Task data →

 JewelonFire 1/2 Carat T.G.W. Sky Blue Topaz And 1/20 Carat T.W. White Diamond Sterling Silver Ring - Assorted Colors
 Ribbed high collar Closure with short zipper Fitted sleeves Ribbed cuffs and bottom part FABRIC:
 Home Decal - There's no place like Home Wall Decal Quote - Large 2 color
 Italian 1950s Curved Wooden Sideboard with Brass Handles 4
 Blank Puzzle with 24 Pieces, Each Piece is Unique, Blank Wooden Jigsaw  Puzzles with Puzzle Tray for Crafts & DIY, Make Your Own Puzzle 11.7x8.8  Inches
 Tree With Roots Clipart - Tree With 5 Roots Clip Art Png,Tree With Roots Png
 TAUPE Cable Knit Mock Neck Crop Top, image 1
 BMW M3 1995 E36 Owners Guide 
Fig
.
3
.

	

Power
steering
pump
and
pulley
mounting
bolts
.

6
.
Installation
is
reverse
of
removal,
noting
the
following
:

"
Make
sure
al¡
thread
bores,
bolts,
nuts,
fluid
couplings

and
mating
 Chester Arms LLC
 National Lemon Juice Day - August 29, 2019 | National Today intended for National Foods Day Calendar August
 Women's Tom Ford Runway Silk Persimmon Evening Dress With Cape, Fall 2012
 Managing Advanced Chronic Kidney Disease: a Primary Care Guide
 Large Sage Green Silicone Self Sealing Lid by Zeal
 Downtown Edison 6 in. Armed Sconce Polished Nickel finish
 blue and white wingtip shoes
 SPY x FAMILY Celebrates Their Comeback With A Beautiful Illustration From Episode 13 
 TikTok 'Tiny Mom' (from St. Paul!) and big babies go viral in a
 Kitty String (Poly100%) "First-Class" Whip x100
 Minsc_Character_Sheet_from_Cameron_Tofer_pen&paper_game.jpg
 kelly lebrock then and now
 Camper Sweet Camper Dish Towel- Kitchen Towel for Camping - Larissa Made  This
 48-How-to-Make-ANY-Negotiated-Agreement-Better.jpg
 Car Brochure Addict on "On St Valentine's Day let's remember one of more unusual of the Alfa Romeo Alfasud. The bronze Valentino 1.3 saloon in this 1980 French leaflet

About this task →
Would you please give all of the records again exactly as they stand?

Answer below →
 JewelonFire 1/2 Carat T.G.W. Sky Blue Topaz And 1/20 Carat T.W. White Diamond Sterling Silver Ring - Assorted Colors
 Ribbed high collar Closure with short zipper Fitted sleeves Ribbed cuffs and bottom part FABRIC:
 Home Decal - There's no place like Home Wall Decal Quote - Large 2 color
 Italian 1950s Curved Wooden Sideboard with Brass Handles 4
 Blank Puzzle with 24 Pieces, Each Piece is Unique, Blank Wooden Jigsaw  Puzzles with Puzzle Tray for Crafts & DIY, Make Your Own Puzzle 11.7x8.8  Inches
 Tree With Roots Clipart - Tree With 5 Roots Clip Art Png,Tree With Roots Png
 TAUPE Cable Knit Mock Neck Crop Top, image 1
 BMW M3 1995 E36 Owners Guide 
Fig
.
3
.

	

Power
steering
pump
and
pulley
mounting
bolts
.

6
.
Installation
is
reverse
of
removal,
noting
the
following
:

"
Make
sure
al¡
thread
bores,
bolts,
nuts,
fluid
couplings

and
mating
 Chester Arms LLC
 National Lemon Juice Day - August 29, 2019 | National Today intended for National Foods Day Calendar August
 Women's Tom Ford Runway Silk Persimmon Evening Dress With Cape, Fall 2012
 Managing Advanced Chronic Kidney Disease: a Primary Care Guide
 Large Sage Green Silicone Self Sealing Lid by Zeal
 Downtown Edison 6 in. Armed Sconce Polished Nickel finish
 blue and white wingtip shoes
 SPY x FAMILY Celebrates Their Comeback With A Beautiful Illustration From Episode 13 
 TikTok 'Tiny Mom' (from St. Paul!) and big babies go viral in a
 Kitty String (Poly100%) "First-Class" Whip x100
 Minsc_Character_Sheet_from_Cameron_Tofer_pen&paper_game.jpg
 kelly lebrock then and now
 Camper Sweet Camper Dish Towel- Kitchen Towel for Camping - Larissa Made  This
 48-How-to-Make-ANY-Negotiated-Agreement-Better.jpg
 Car Brochure Addict on "On St Valentine's Day let's remember one of more unusual of the Alfa Romeo Alfasud. The bronze Valentino 1.3 saloon in this 1980 French leaflet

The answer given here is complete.